* WORK ITEM *
Output, exactly as written, the lines below starting at the line containing "Lee Mason on creating cryptoart in VR" and ending at the line containing "Health benefits of vitamin k2". Drop the pictures and keep both end lines.

* THE RECORDS *
++++++
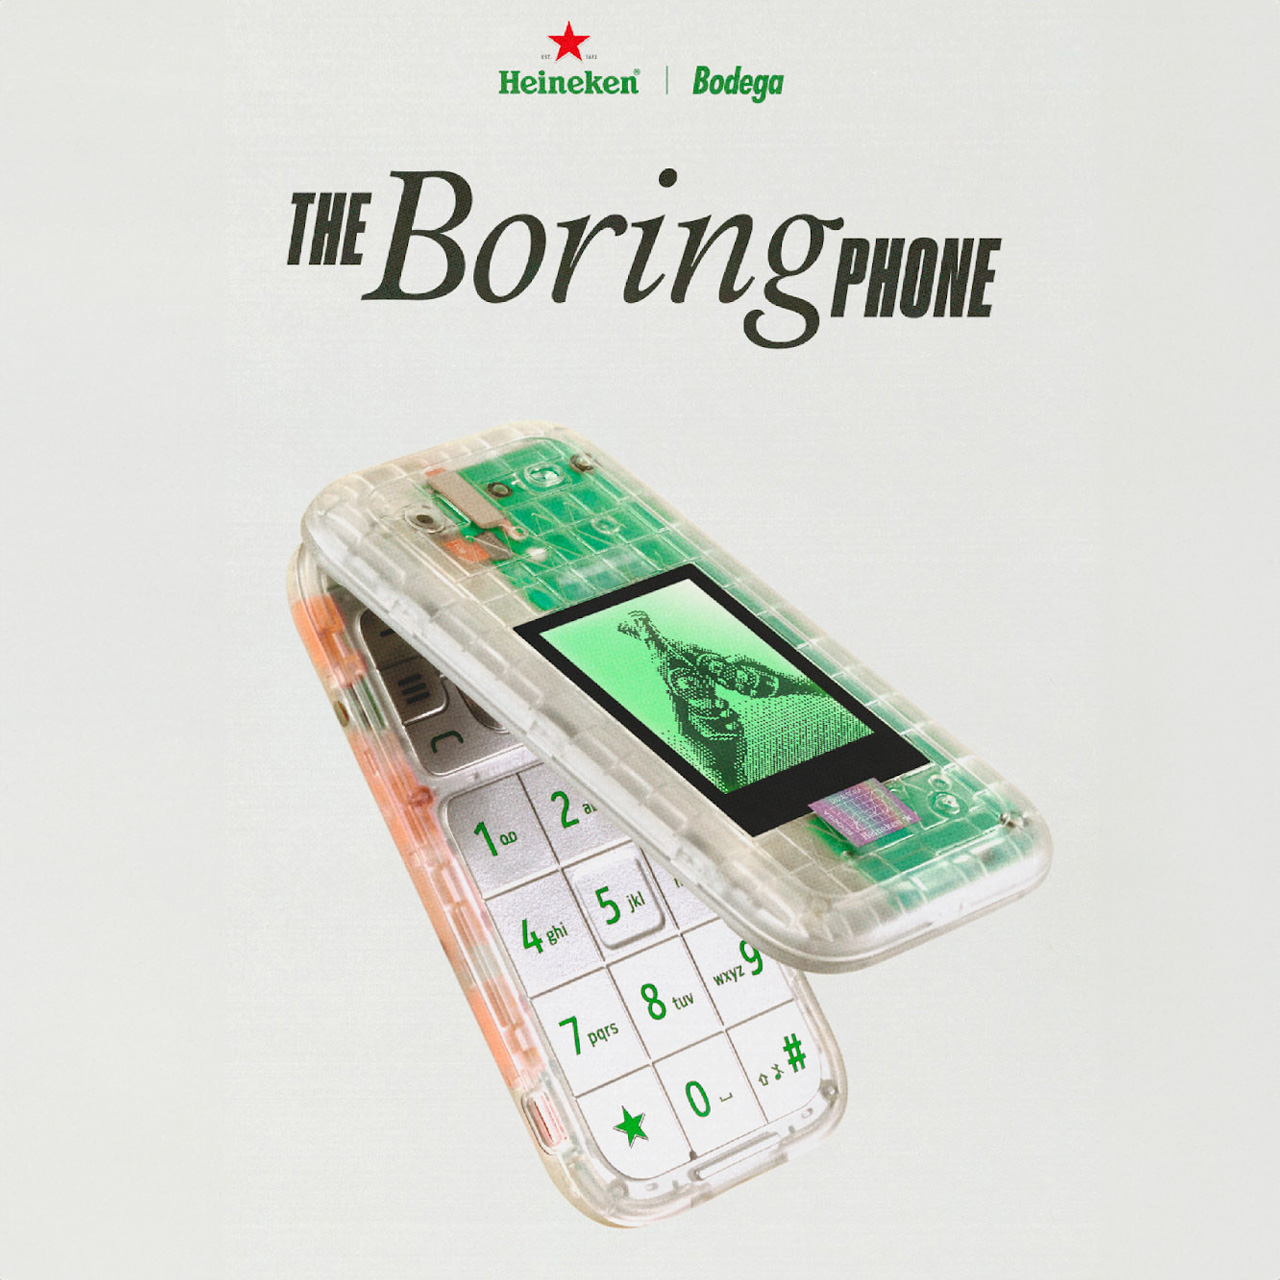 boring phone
++++++
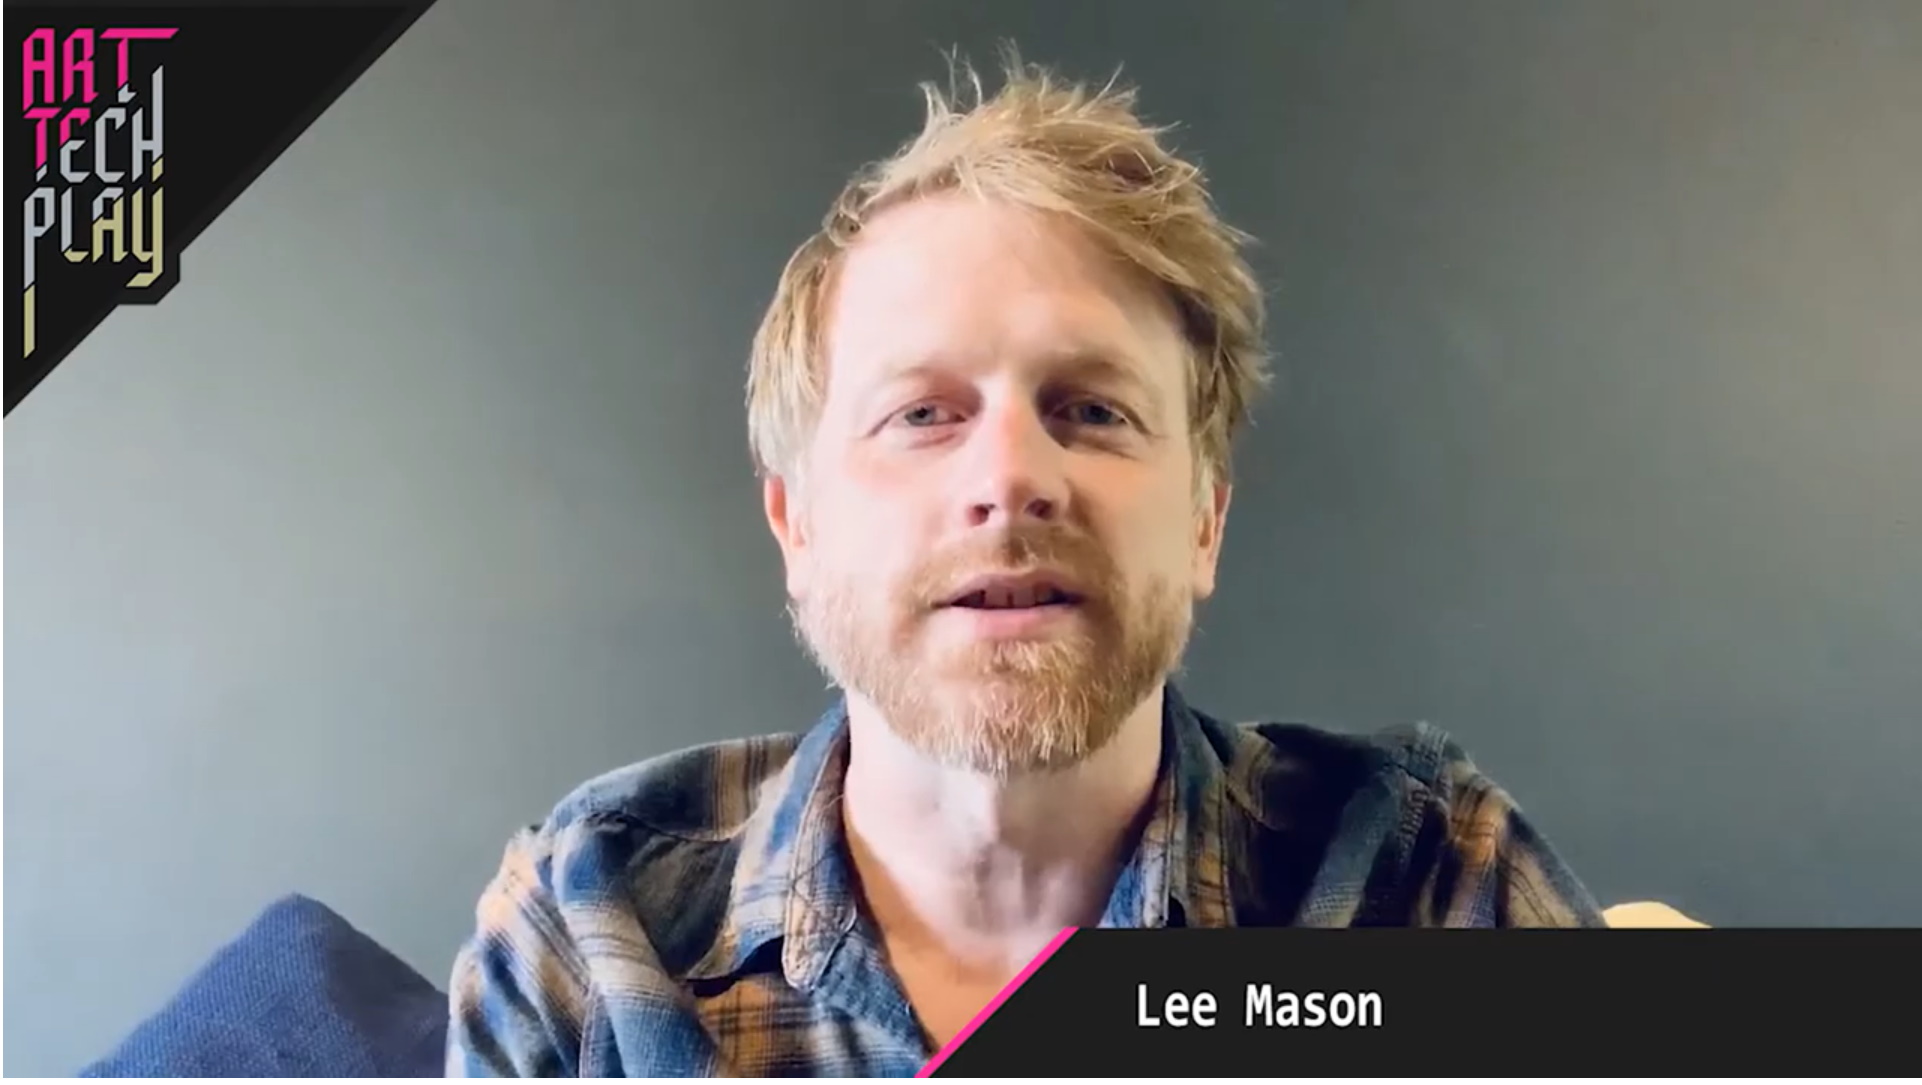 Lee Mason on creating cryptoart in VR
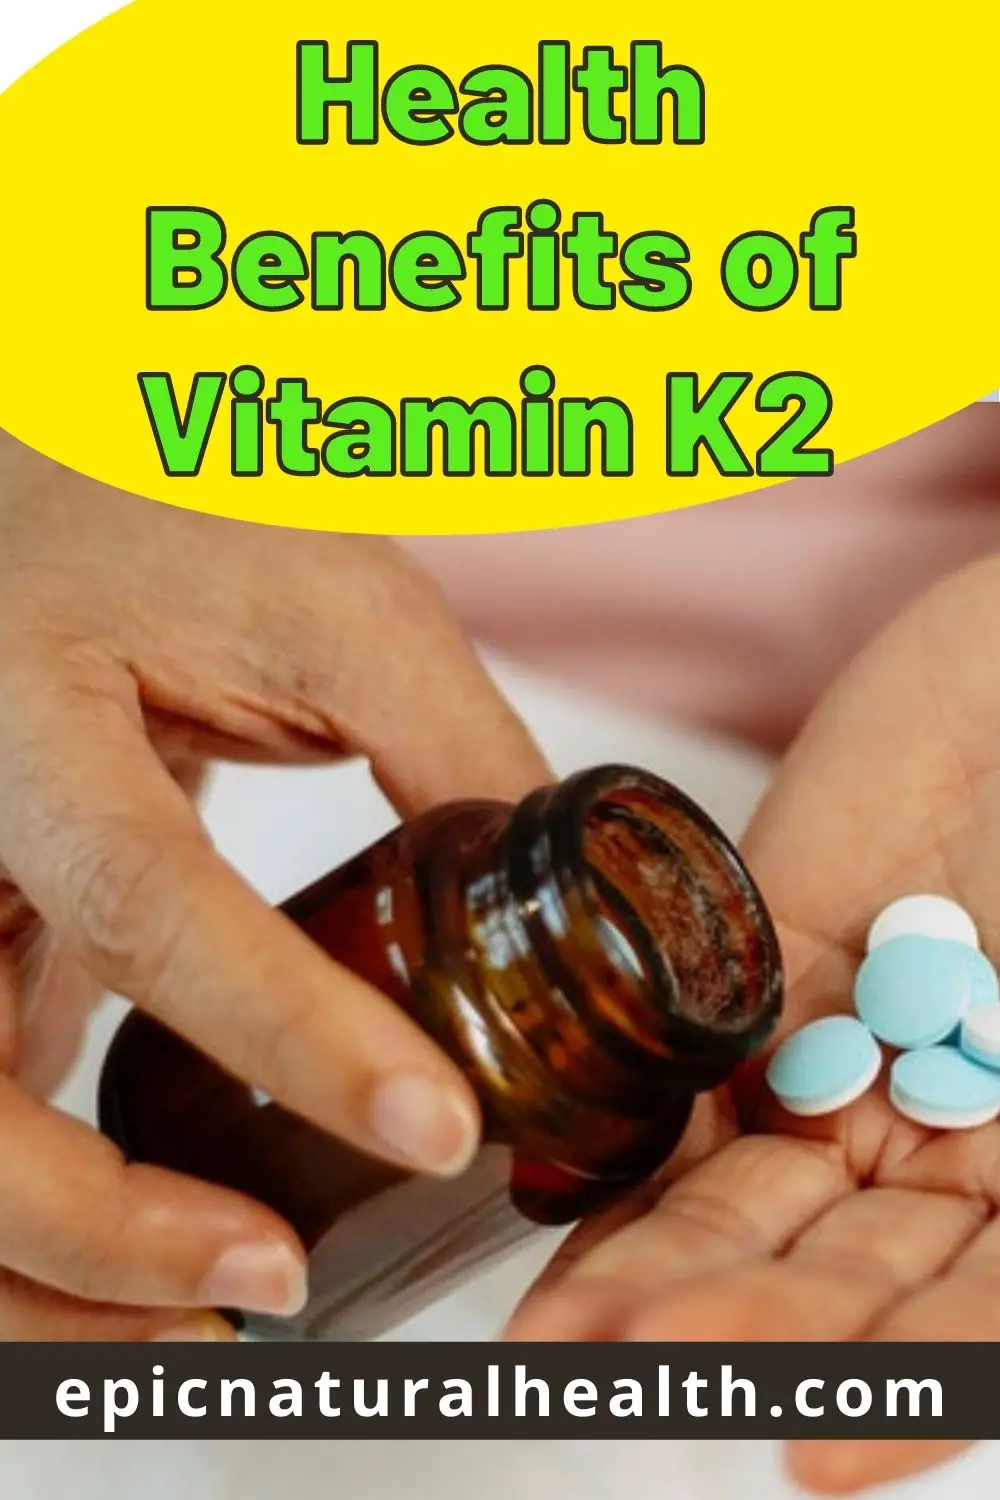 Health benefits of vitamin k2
++++++
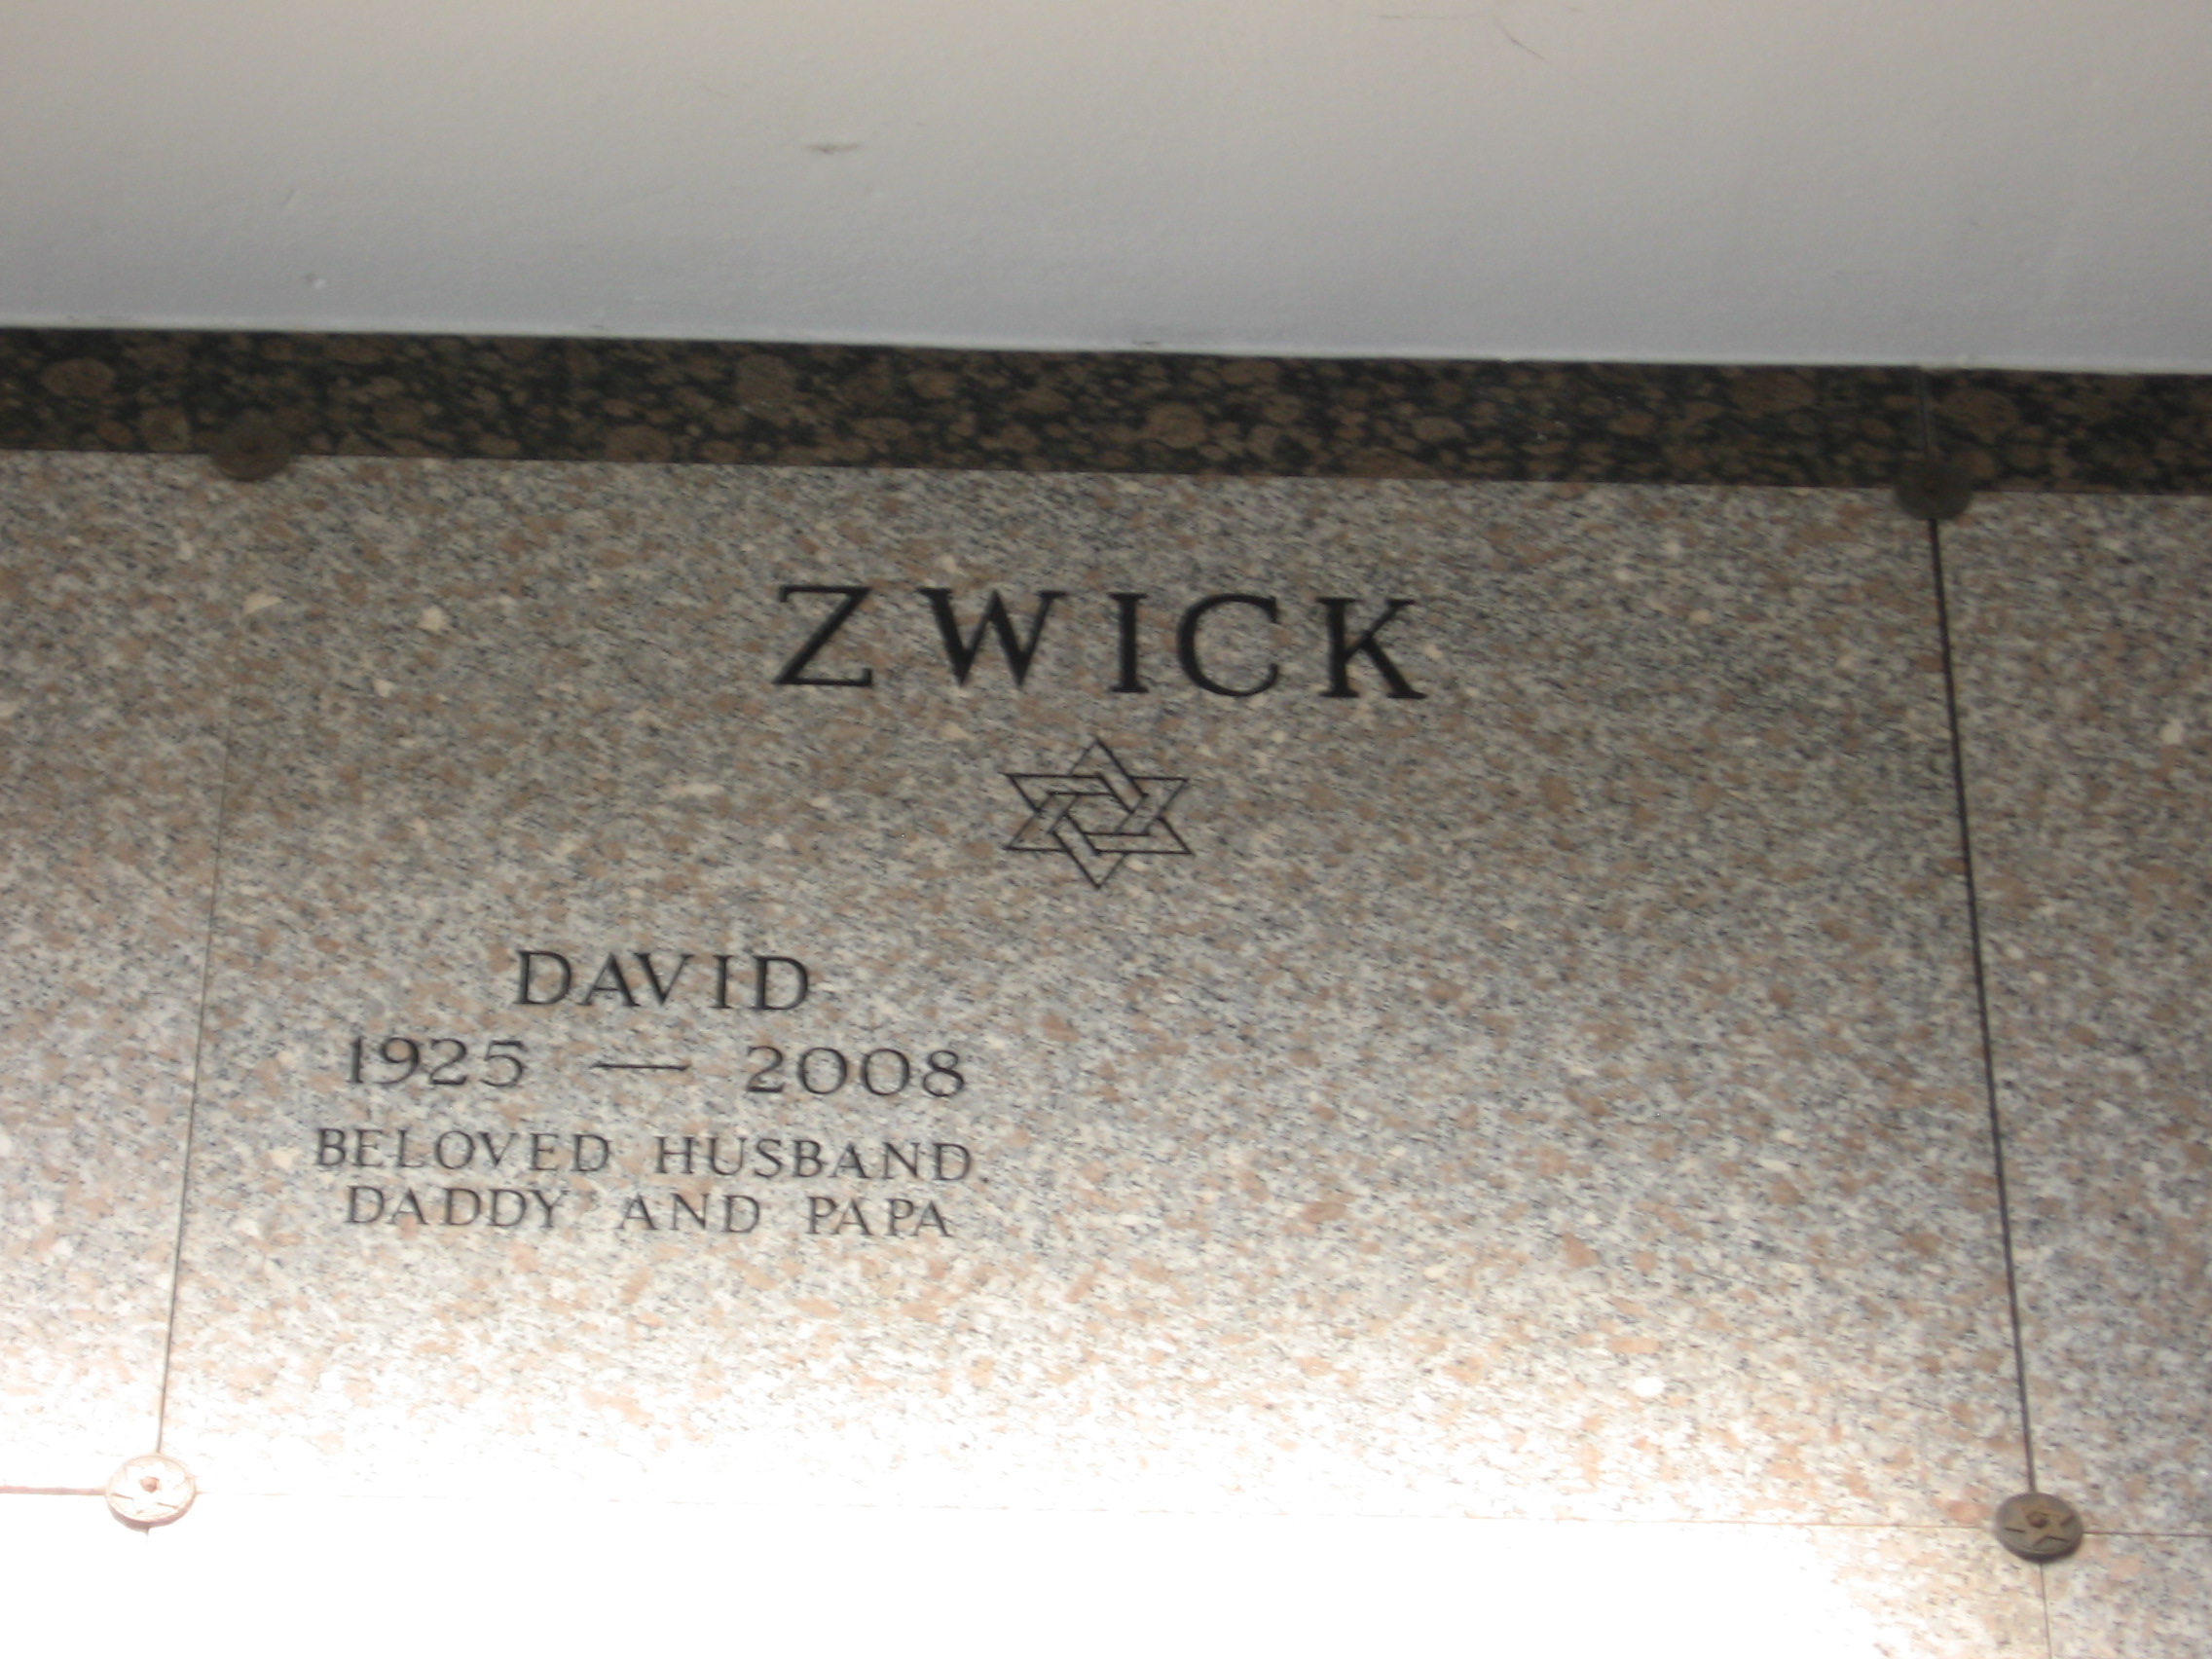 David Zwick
++++++
* EXPECTED ANSWER *
 Lee Mason on creating cryptoart in VR
 Health benefits of vitamin k2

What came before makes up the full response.